Given the time constraints of this project, we used cross-correlation as it requires the fewest number of additional parameters and is the simplest connectivity measure to implement. A key limitation of using cross-correlation, as a functional connectivity measure, is its dependence on neural currents of the underlying cortical region and those generated by remote cortical regions, also known as the effects of volume conduction (Blinowska et. al., 2016). As a result, two brain regions may show correlated activations due to the effects of common feeding from a third cortical or sub-cortical source (Blinowska et. al., 2016). The inconsistencies in the results due to volume conduction can lead to a false estimate of the actual connectivity between different brain regions. There are multiple studies that aim to combat this issue by projecting the activity measured by an electrode back to underlying sources, effectively mapping “signal space” to “source space.” Also known as the inverse problem, these methods attempt to more accurately capture the communication between brain areas. However, the constraints and assumptions required to solve the inverse problem result in the lack of a unique solution. Because volume-conduction and field spread, in which multiple electrodes measure activity from a single source affect source space analysis, can still affect the study neurophysiological signals, source space analysis can be enhanced by the implementation of a connectivity measure that is less sensitive to volume conduction (Hillebrand et. al., 2012).

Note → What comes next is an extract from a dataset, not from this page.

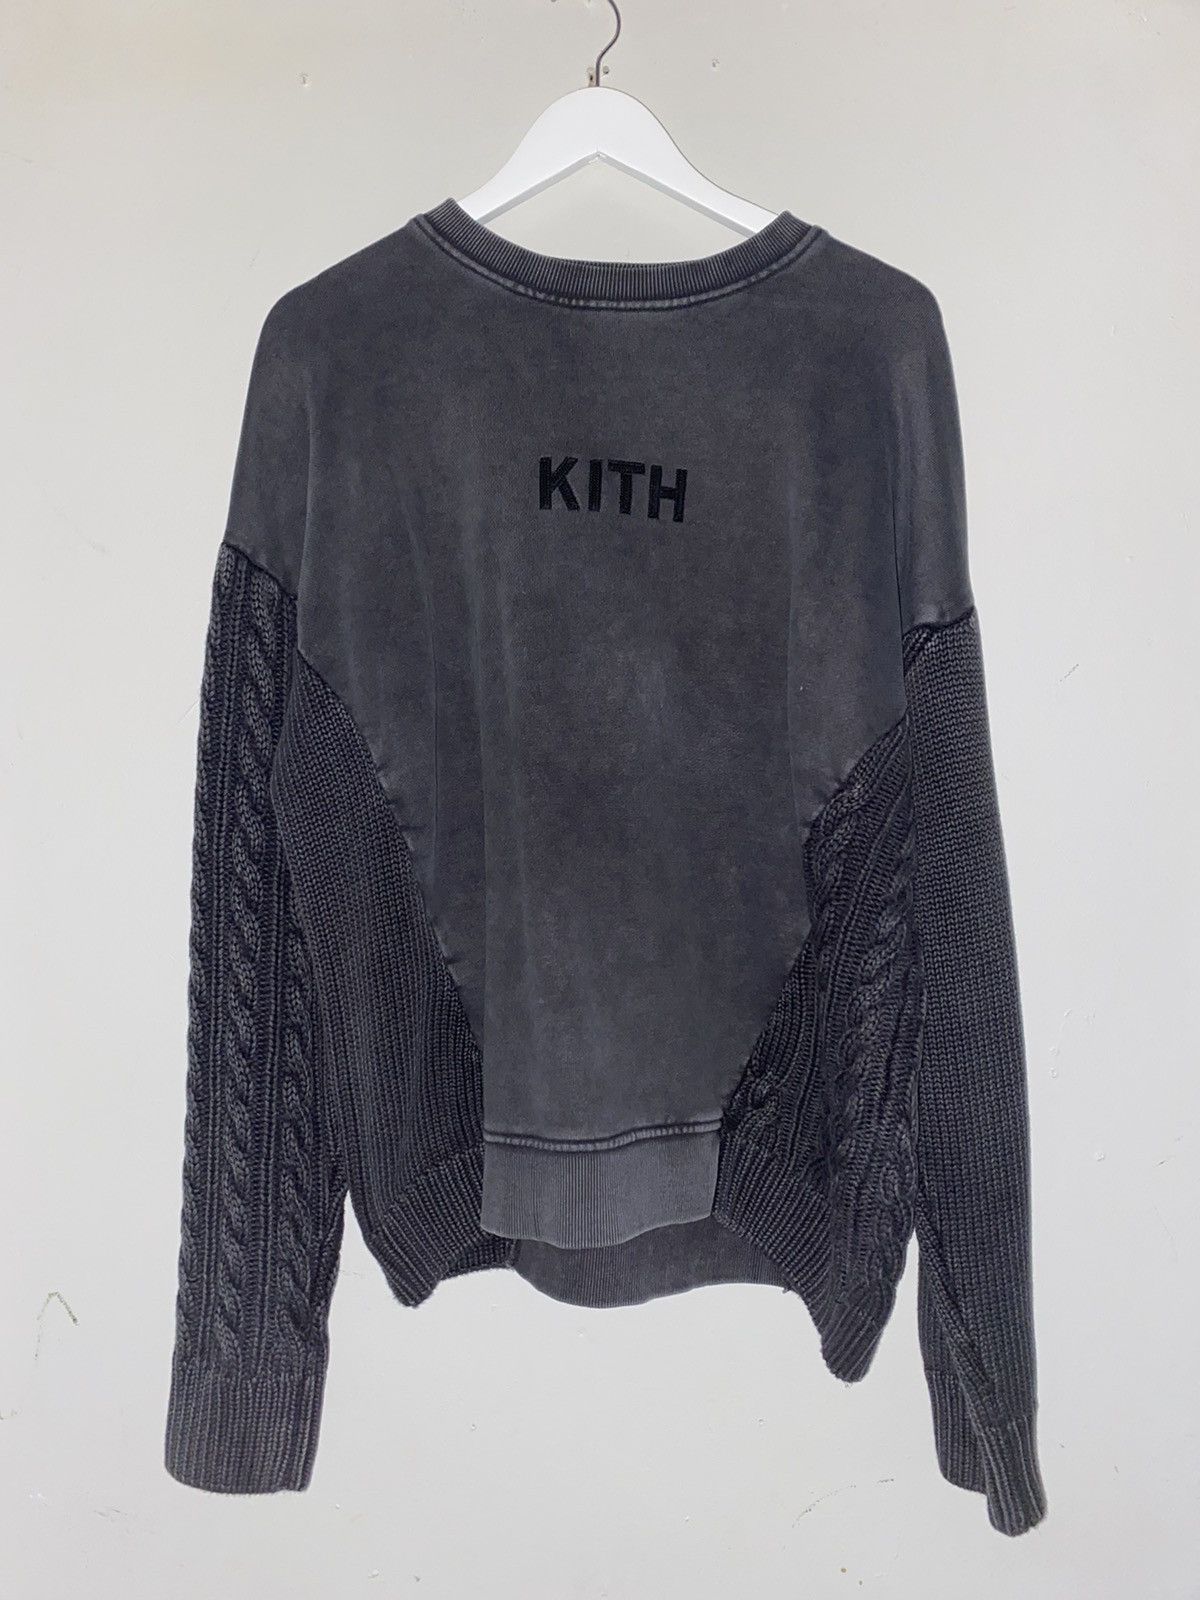 Kith KITH Combo Knit Crewneck | Grailed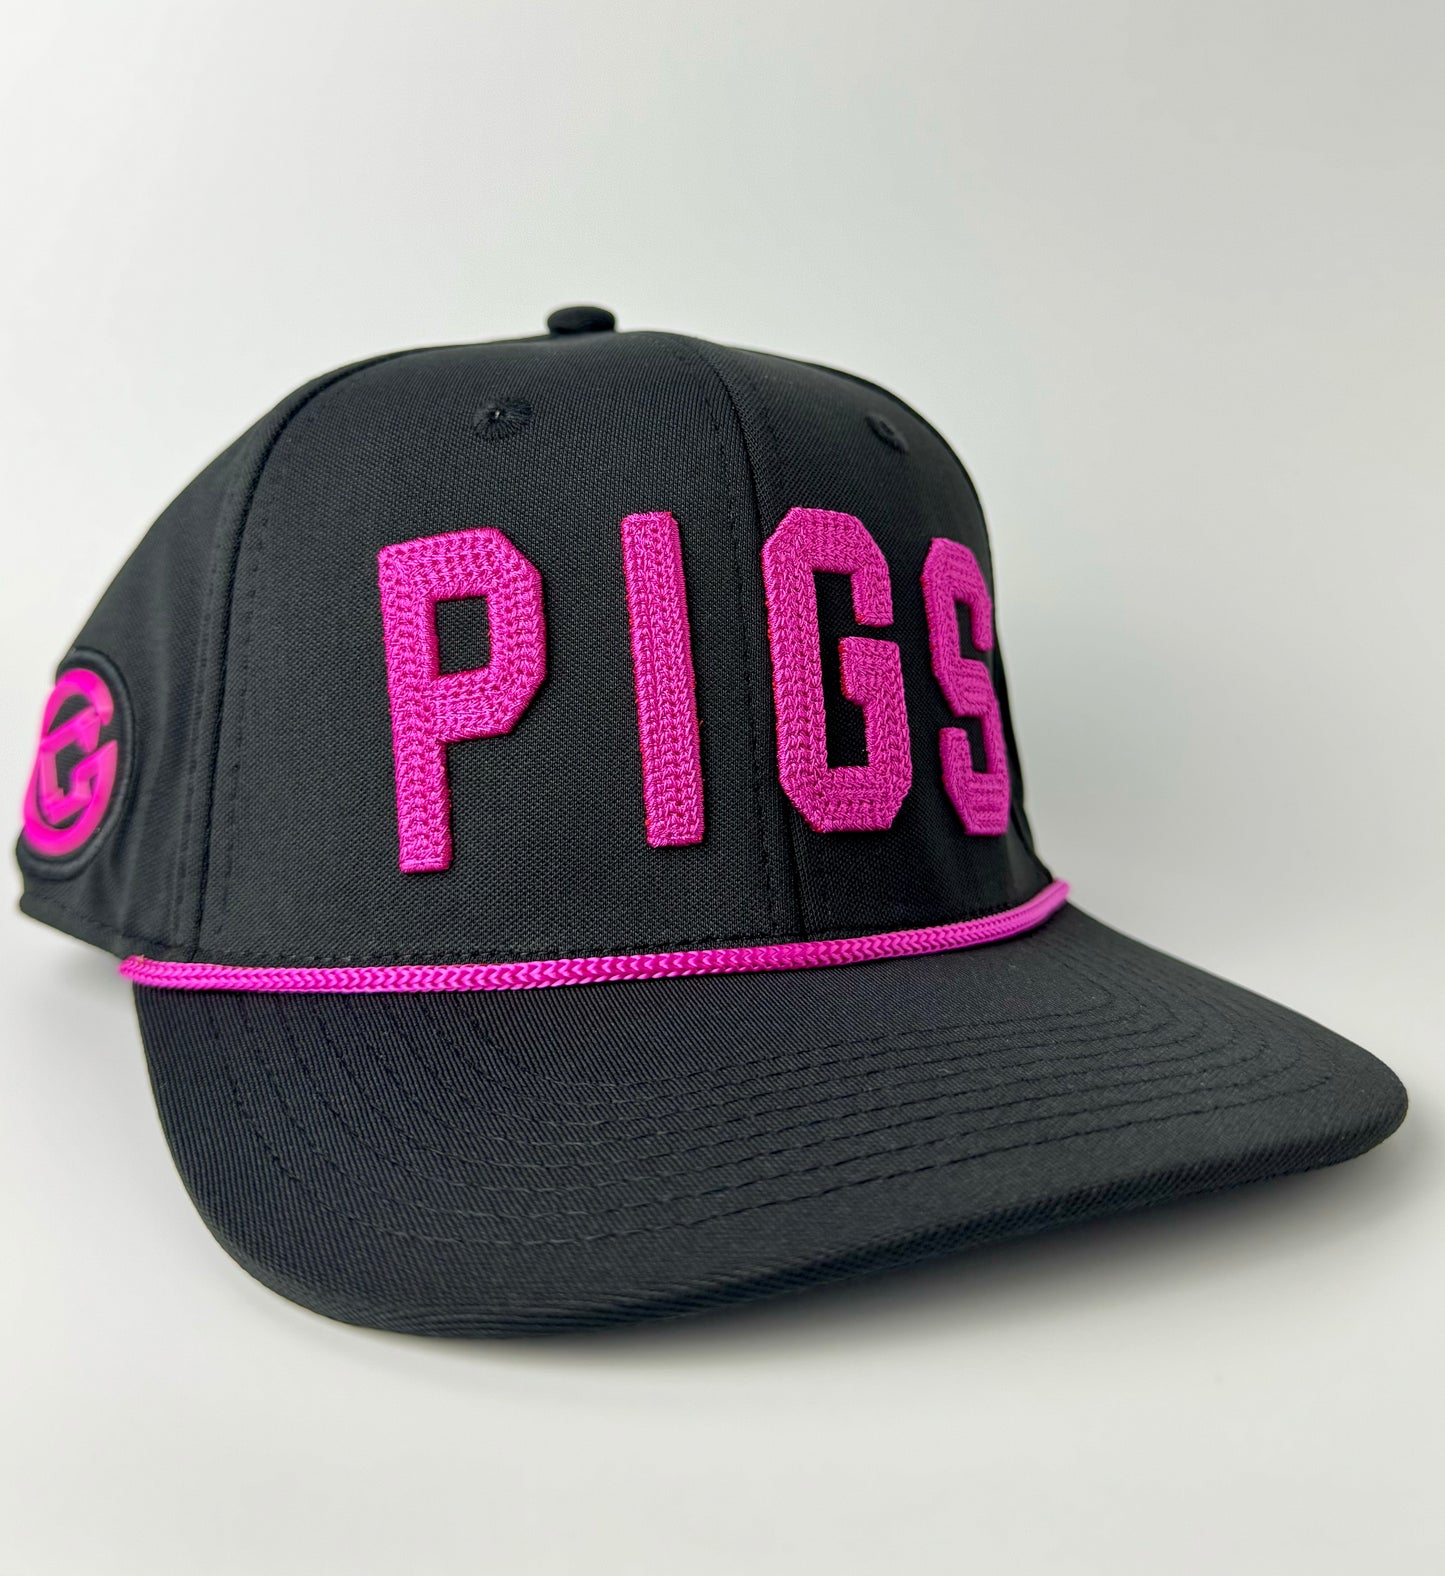 "OG" PIGS - Black with Bubblegum - Snapback - Flat Bill

Although this project focused on the simplest graph type, undirected (binary) and unweighted, other types of graphs may offer additional insight into brain network interactions. Directed graphs require a connectivity measure that would be able to capture the causal or directed information flow, also known as effective connectivity (Friston, 2011). Examples of effective connectivity measures, not explored in this project, include Granger causality, in which the future of one signal can be predicted by the past of another signal and vice versa, or directed transfer function, which gives the relation between the outflow of one node towards another in the frequency domain (van Diessen et. al., 2015). In comparison to cross-correlation, other measures such as, imaginary and partial directed coherence, phase slope index, and phase lag index, are more robust to the effects of volume conduction. These measures can be adjusted to reflect directed information as well and can be used to generate directed graphs with variable weights. In order to use different connectivity measures, we would need to determine experimental parameters that correspond to the connectivity measure chosen.

Furthermore, studying the connectivity of networks generated using different frequency bands could offer insight into how connectivity is affected by the distinct cognitive functions associated with each of the bands. To do so, we could sample frequencies that lie in the following frequency bands, delta (0.5-4 Hz), theta (4-8 Hz), alpha (8-13 Hz), beta (13-30 Hz), gamma (30-90 Hz) using the data that was provided. Then, networks could be constructed after selecting an appropriate connectivity measure, using an approach similar to that used in this project.